Kristin: In preparing last month’s topic on whether we care about science, I came across this reference to a book called “Why Religion is Natural and Science is Not“. The book description states:
In Why Religion is Natural and Science Is Not, Robert N. McCauley, one of the founding fathers of the cognitive science of religion, argues that our minds are better suited to religious belief than to scientific inquiry. Drawing on the latest research and illustrating his argument with commonsense examples, McCauley argues that religion has existed for many thousands of years in every society because the kinds of explanations it provides are precisely the kinds that come naturally to human minds. Science, on the other hand, is a much more recent and rare development because it reaches radical conclusions and requires a kind of abstract thinking that only arises consistently under very specific social conditions. Religion makes intuitive sense to us, while science requires a lot of work.
This description, read in conjunction with Craig Cormick’s talk (that we also explored last month – how values might make us reject science) is worrying – does religion make more sense?
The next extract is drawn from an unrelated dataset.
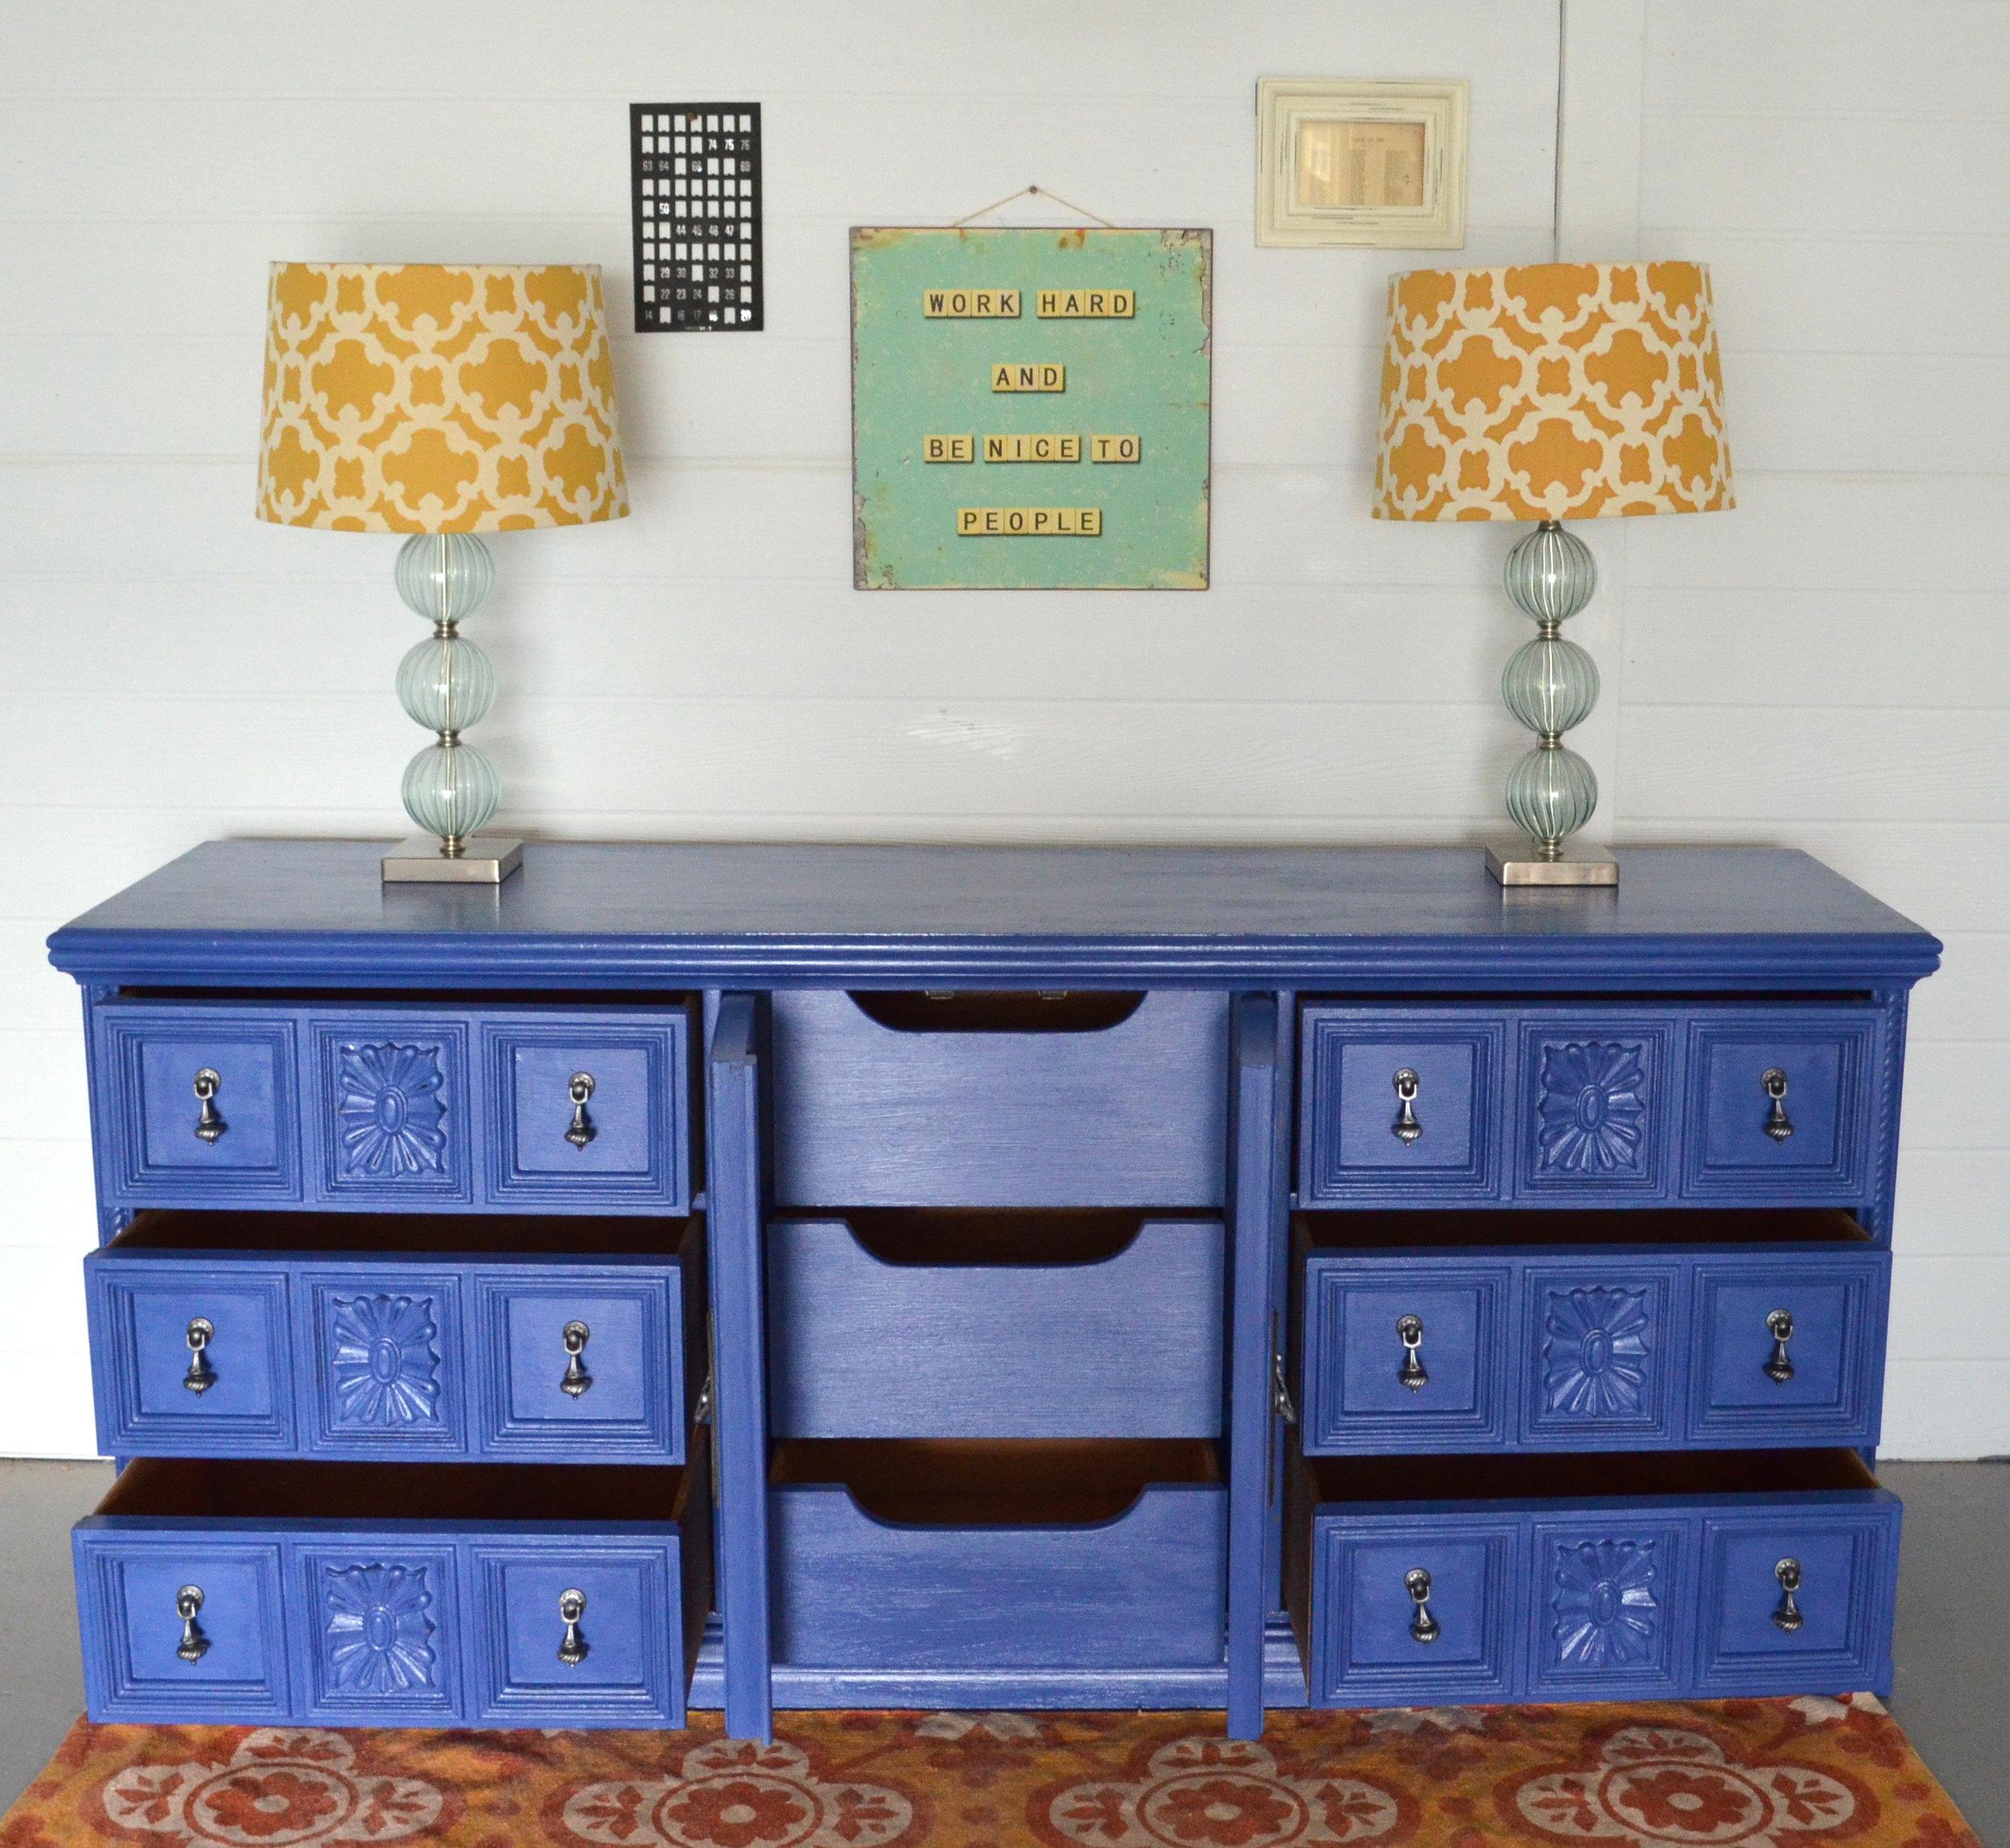 CeCe Caldwell Maine Harbor Blue Dresser 5
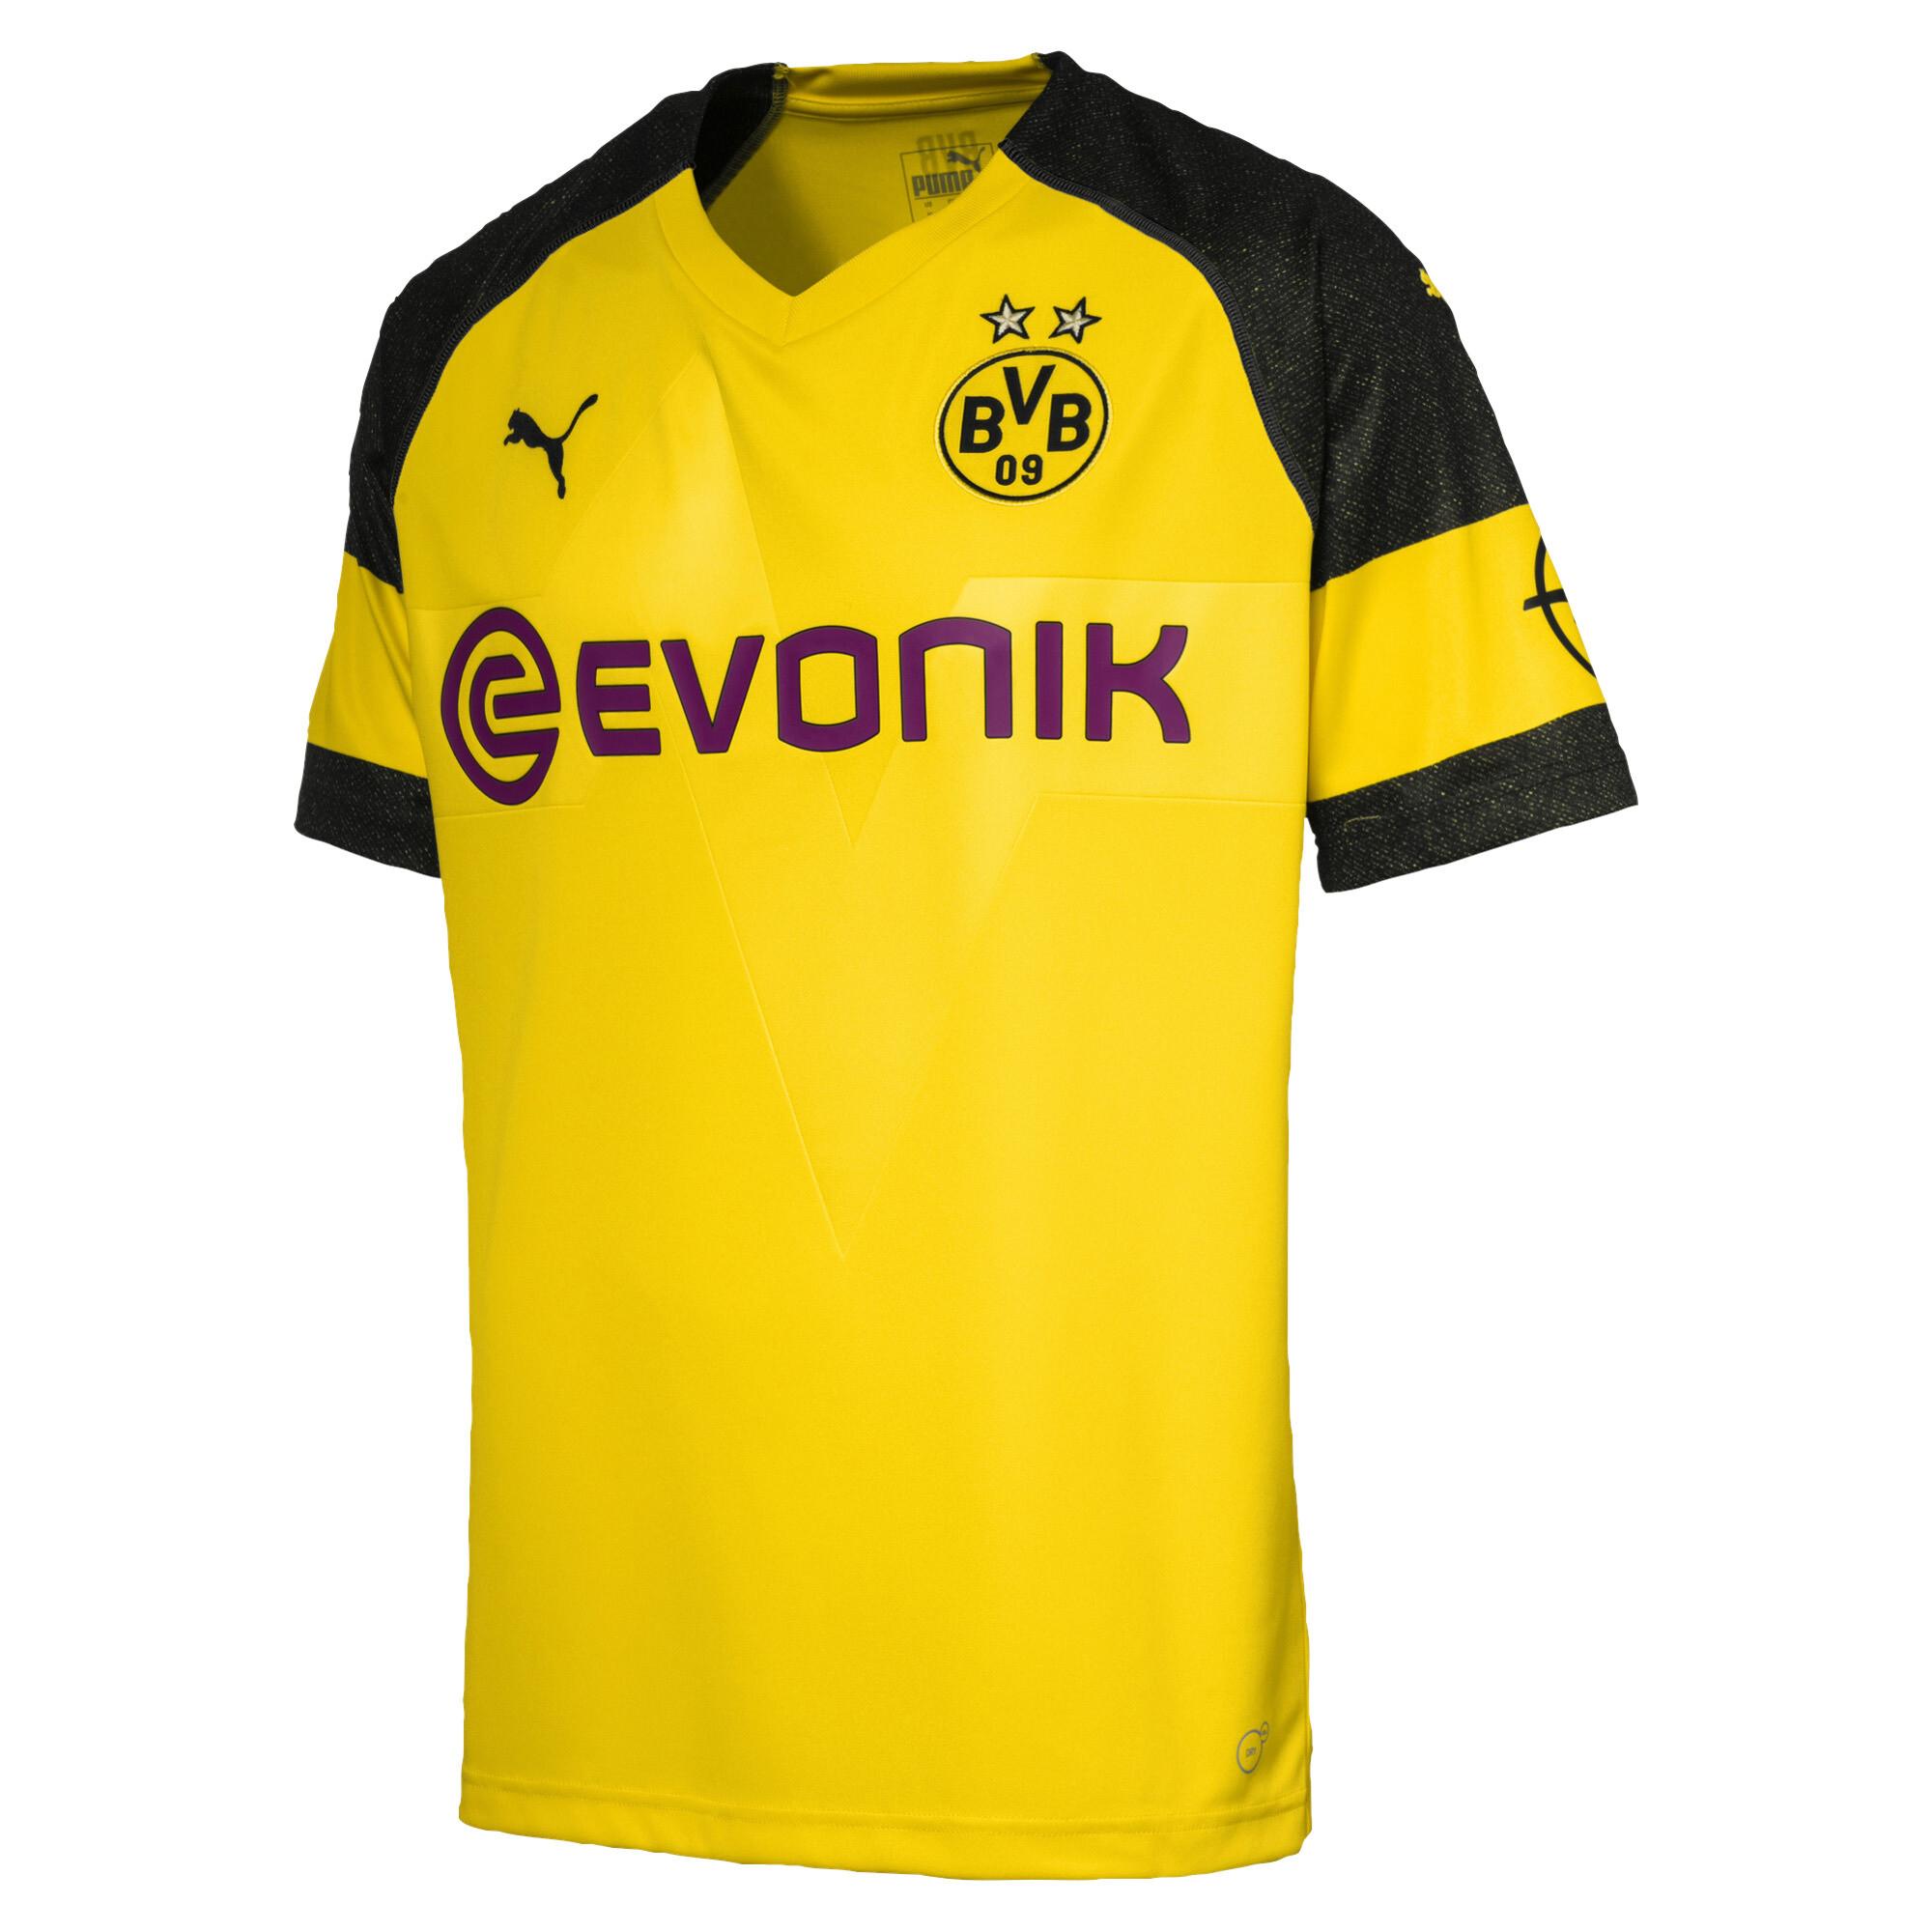 PUMA Mens Standard BVB Cup Shirt Replica Jr with Evonik Logo

Alternatively, there’s Sam Harris’s TED talk on how science can answer moral problems. Is there a role for science in guiding us to what is just and right?
As Christmas draws close we’ll explore the links between science and religion. How does faith intersect with science? Do atheism and science go hand-in-hand? What role might religion play in science and vice-versa?
And best yet – from supernovas to faster-than-light-travel – we’ll ask you to put forward your scientific theories to explain the stories of Christmas!